Mönchengladbach: Weiter Bangen um Karstadt
VON KATHARINA SCHMÜLLING - zuletzt aktualisiert: 09.06.2009 - 11:33Mönchengladbach (RPO). Keine Staatshilfen, keine Rettungsbeihilfe: Das sind auch für die 140 Karstadt-Mitarbeiter in Rheydt schlechte Nachrichten. OB Bude hat noch Hoffnung: Der Karstadt-Vorstand habe sich zum Standort Rheydt bekannt.
Das Bangen um ihre Arbeitsplätze ist für die 140 Mitarbeiter und elf Auszubildenden in Rheydt noch nicht vorbei. Bereits gegen Mittag war am Montag klar: Eine Staatsbürgschaft für Arcandor, dem Karstadt-Mutterkonzern, wird es nicht geben. Am Nachmittag gegen 17 Uhr dann die zweite schlechte Nachricht: Der Antrag auf den Rettungsbeihilfekredit über 437 Millionen Euro ist ebenfalls abgelehnt. Nun droht die Insolvenz.
"Ein klares Bekenntnis"
Aber es gab auch hoffnungsvolle Nachrichten aus Berlin. Oberbürgermeister Norbert Bude (SPD) kam hoffnungsvoll von einem Treffen aller von der Karstadt-Problematik betroffenen Bürger- und Oberbürgermeister mit Wolfgang Tiefensee, Bundesminister für Verkehr, Bau und Stadtentwicklung, zurück. "Der Vorsitzende der Karstadt-AG, Stefan W. Herzberg, hat ein klares Bekenntnis zum Erhalt des Standortes in Rheydt abgegeben", sagte Bude im Gespräch mit der RP.
Karstadt Rheydt
Filiale Rheydt Die Rheydter Filiale ist eine von 91 in Deutschland, denen die Schließung droht.
Eröffnung war vor 33 Jahren
Verkaufsfläche Auf 10.000 Quadratmetern gibt es unter anderem Kleidung, Kosmetik, Elektronik und Haushaltswaren
Natürlich habe die Standortsicherung nur dann Erfolg, wenn der Gesamtkonzern überlebe, so Bude weiter. Trotzdem ist er überzeugt: "Das deutliche Bekenntnis bestätigt, dass es sich aus Mönchengladbacher Sicht unbedingt lohnt, zu kämpfen." Denn eine Rheydter Innenstadt ohne Karstadt will sich das Stadtoberhaupt erst gar nicht ausmalen. "Das wäre eine Katastrophe."
Peter Felten vom City-Management sieht das ähnlich. "Was die Sortimentspolitik angehe, sei eine Schließung der Karstadt-Filiale in Rheydt ein Verlust. Und: "Karstadt ist ein Frequenzbringer und schreibt schwarze Zahlen." Den Mitarbeitern indes bleibt kaum mehr, als weiter auf ihre Situation aufmerksam zu machen – und zu hoffen. Wo sonst zu dieser Jahreszeit der Blick auf bunte Sommermode im Schaufenster fällt, hängt nun – passend zur Stimmung – ein schwarzer Vorhang.

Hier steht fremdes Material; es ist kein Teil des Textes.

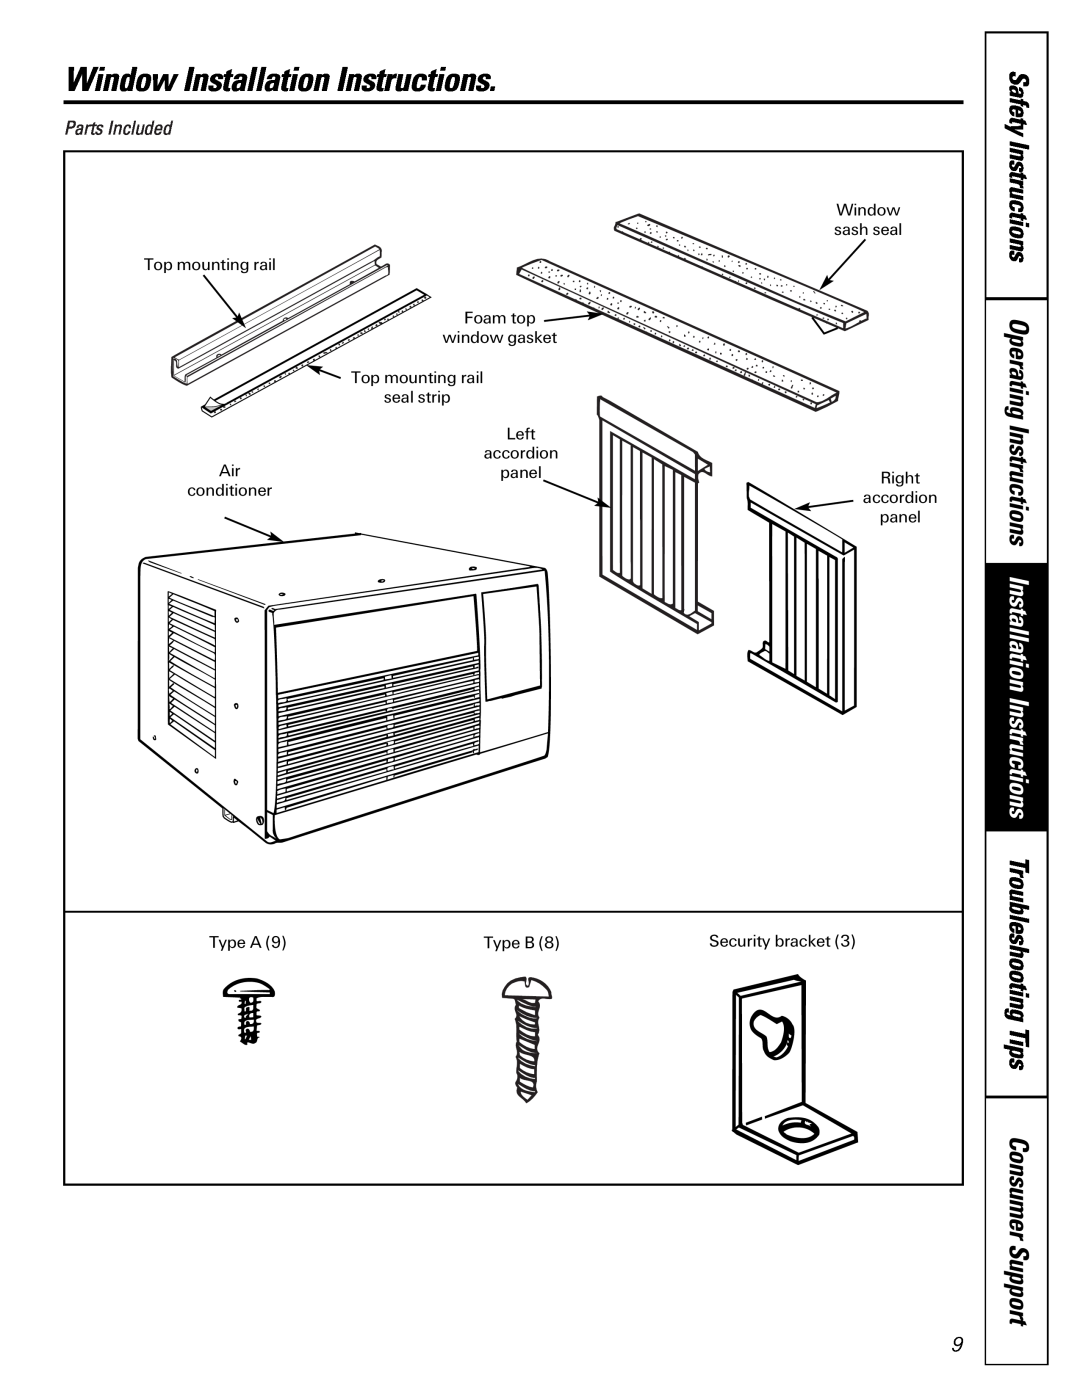 GE ASP05 owner manual Window Installation Instructions, Parts Included

Die Botschaft ist unmissverständlich. "Innenstadt. Ohne Karstadt? GeisterStadt.", steht auf dem Schild hinter der Glasscheibe. "Es ist für uns wie Achterbahn fahren", sagt Betriebsratsvorsitzende Ursula Richter. "Das ewige Bangen geht an die Substanz", ergänzt ihre Stellvertreterin, Elvira Burhenne. Dass die Lage ernst ist, steht auch Geschäftsführer Manfred Hundt ins Gesicht geschrieben. "Aber wir geben die Hoffnung nicht auf", sagt er.
Gestern standen Burhenne und Richter wieder vor dem Eingang und sammelten Unterschriften für den Erhalt des Standortes Rheydt. Mehr als 11 000 sind in den vergangenen Wochen bereits zusammen gekommen. Die Bürger müssen sie zur Unterschrift nicht lange bitten. "Ich kann die Angst um die Arbeitsplätze schon gut verstehen", sagt Ursula Krienen und unterschreibt ebenso wie Ehemann Norbert auf der Liste.